Geochronological constraints on the trans-Hudsonian tectono-metamorphic evolution of the pre-Athabasca basement within the Wollaston-Mudjatik Transition Zone, Saskatchewan

The Hudsonian Pressure-Temperature-Deformation-time-(P-T-D-t) evolution of the pre-Athabasca crystalline basement (>∼1700 Ma) of the Wollaston-Mudjatik Transition Zone (WMTZ) highlights two major tectono-metamorphic events M1-D1 and M2-D2. The ages of these two event have been obtained by in-situ LA-ICPMS U-Th-Pb dating of monazite from Grt-Crd bearing pelitic gneiss and U-Pb analyses performed on zircons from pegmatites, using both exposed basement and drill cores from the Wolly-McClean exploration drilling project.
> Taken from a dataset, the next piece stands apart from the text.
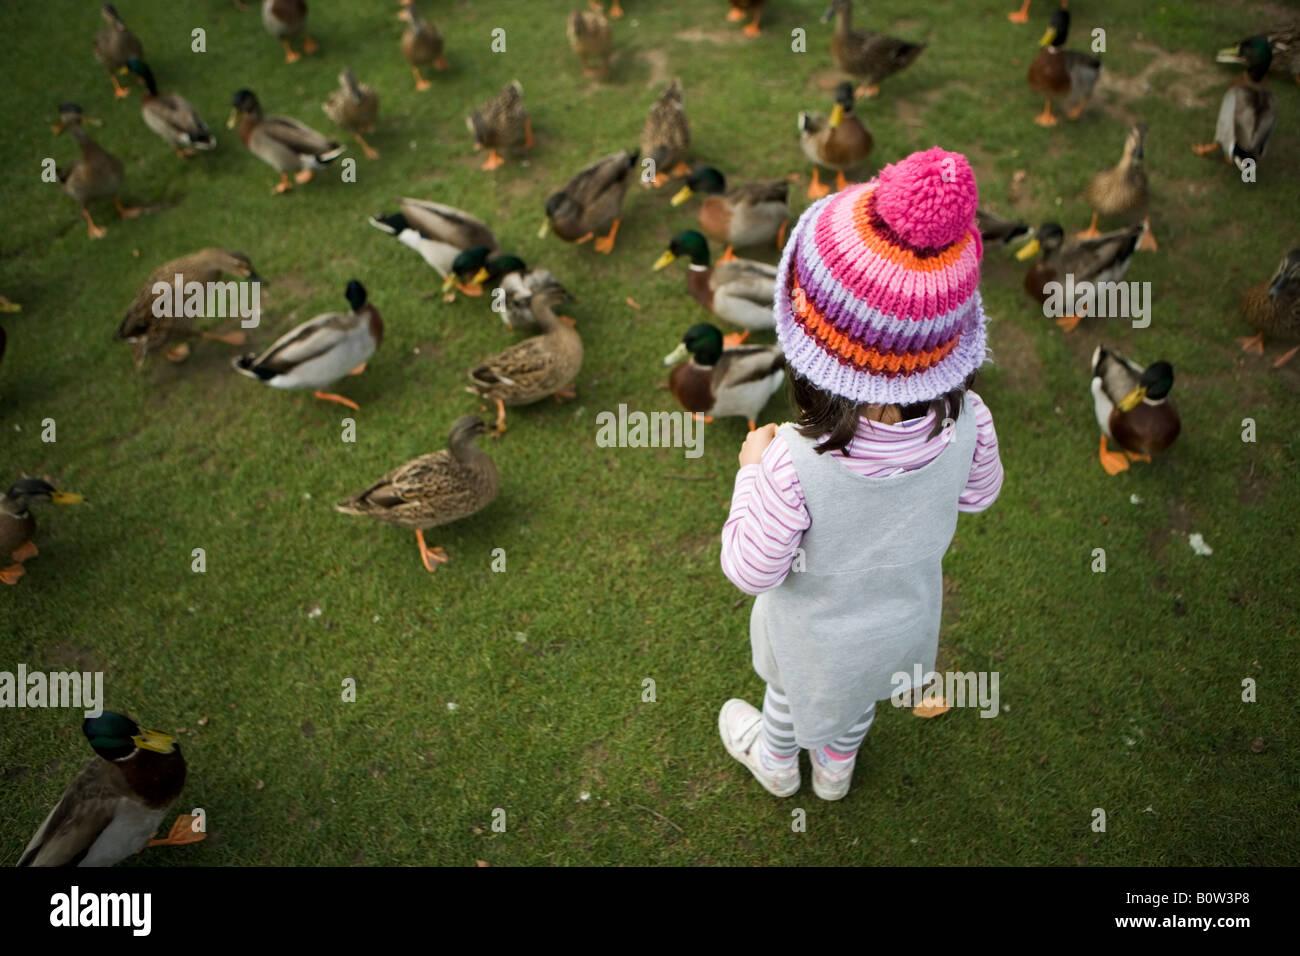 Fille parmi les canards avec woollen bobble hat Photo Stock

The M1-D1 event, interpreted as the burial of the thinned Hearne margin via southward thrusting to pressures varying from 10 to 6 kbar, occurred between ca.1840 and 1813 Ma. The M2-D2 event, producing the northeast structural trend of the WMTZ, was formed in a sinistral transpressional tectonic regime during the late stage of the Hudsonian oblique collision between ca. 1813 and 1770 Ma. Thermobarometric estimates on the M2-D2 assemblages show that the entire studied area was reequilibrated at about 5 kbar and 750-825 °C. trans-Hudsonian pegmatites are viewed as the main proto-ore of the uranium-rich Athabasca unconformity-type deposits. Formation, transfer and differentiation of these trans-Hudsonian pegmatites are replaced in this P-T-D-t evolution. During the 1840-1813 Ma M1-D1 partial melting event, the first batches of melt produced in the deep crust are the most likely enriched in uranium. Then, these melts were transferred upwards to the upper crustal levels owing to the development of crustal scale steeply-dipping D2 shear zones, and finally were differentiated to form uranium-enriched pegmatites between 1813 and 1770 Ma. Some monazite and zircon grains within retrogressed migmatites recorded a later event at ca. 1720 Ma, interpreted as the terminal cooling event down to 300-400 °C responsible for partial retrogression of metamorphic assemblages. This age provides new insights into the timing of the onset of the Athabasca sedimentation that should therefore be at least 1710 Ma old or younger.